I LOVE THAT MOVIE SOOOOO MUCH! 

I really need to buy it, preferably on DVD.


----------



## BlingBling 3k12 (Apr 22, 2002)

i downloaded a DIVX movie of the first half of the movie... it's off someone's camcorder in a theater, so half of the screen is cut off, but it works until i can get the $$$ to buy the DVD


----------



## wdw_ (Apr 23, 2002)

The DVD is like $13.50 on Amazon.


----------



## AdmiralAK (Apr 23, 2002)

> _Originally posted by BlingBling 3k12 _
> *anyone freaking LOVE this movie as much as I do!?
> 
> i love this movie! it's so exhilerating!!!!!!!!! the fact that this could be happening is hella cool!!!!!! *



hmmm havent seen a movie in a while...is this old or new ? who plays in it? maybe I will go out and rent the DVD


----------



## dricci (Apr 23, 2002)

It's a very good movie that covers monopolies and open source. I rented the DVD last year.


----------



## rinse (Apr 23, 2002)

i give this movie a mediocre rating at best. i found it very predictable.


----------



## gamedog00 (Apr 23, 2002)

I loved anti trust! I own it on dvd. It's not about a company LIKE microsoft or a guy LIKE Bill Gates. It's exactly the same they just changed the names! Too bad there was no Steve Ballmer though.


----------



## BlingBling 3k12 (Apr 23, 2002)

true.....

would that mean Synapse is like *.net*?


----------



## Izzy (Apr 23, 2002)

I have this movie on DVD...it's pretty good.  

I must admit though, what got me to even look at getting it was seeing Rachael Leigh Cook on the cover


----------



## divibisan (Apr 24, 2002)

It was OK, but not that good.

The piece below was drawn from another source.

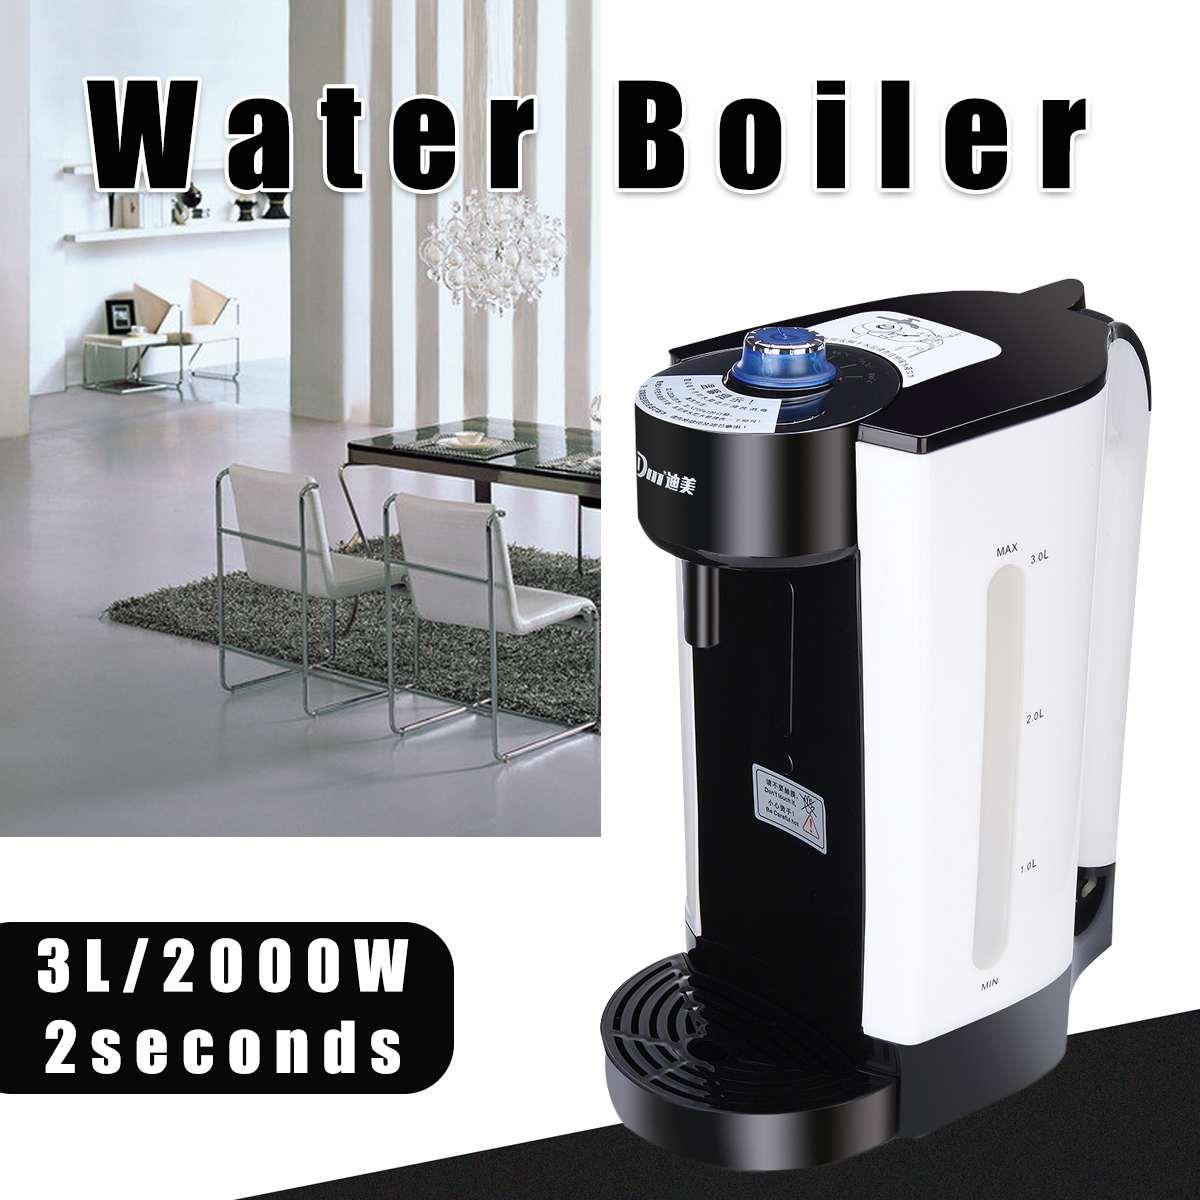 220V 3L instantané bouilloire électrique chauffage automatique chaudière thé cafetière eau bouillante distributeur Portable chauffage outil

The only thing about it that I recommend seeing it for is the connection with Microsoft


----------



## BlingBling 3k12 (Apr 24, 2002)

> _Originally posted by Izzy _
> *I must admit though, what got me to even look at getting it was seeing Rachael Leigh Cook on the cover  *



you know that scene where her and "milo" do their "thing"....

THEY SHOULD HAVE LEFT THAT IN THE MOVIE!!!!!!!!!!!!


----------



## Izzy (Apr 24, 2002)

LOL...I'm sure most people wouldn't have complained if it had been


----------



## Trik (Apr 28, 2002)

THAT MOVIE IS VERY GOOD I LIKE HOW IT REFLECTS ON MICROSOFT SO MUCH .
VERY GOOD MOVIE ANY COMPUTER LOVEING PERSON SHOULD SEE IT


----------



## voice- (May 4, 2002)

saw the movie today, I love it!!!


----------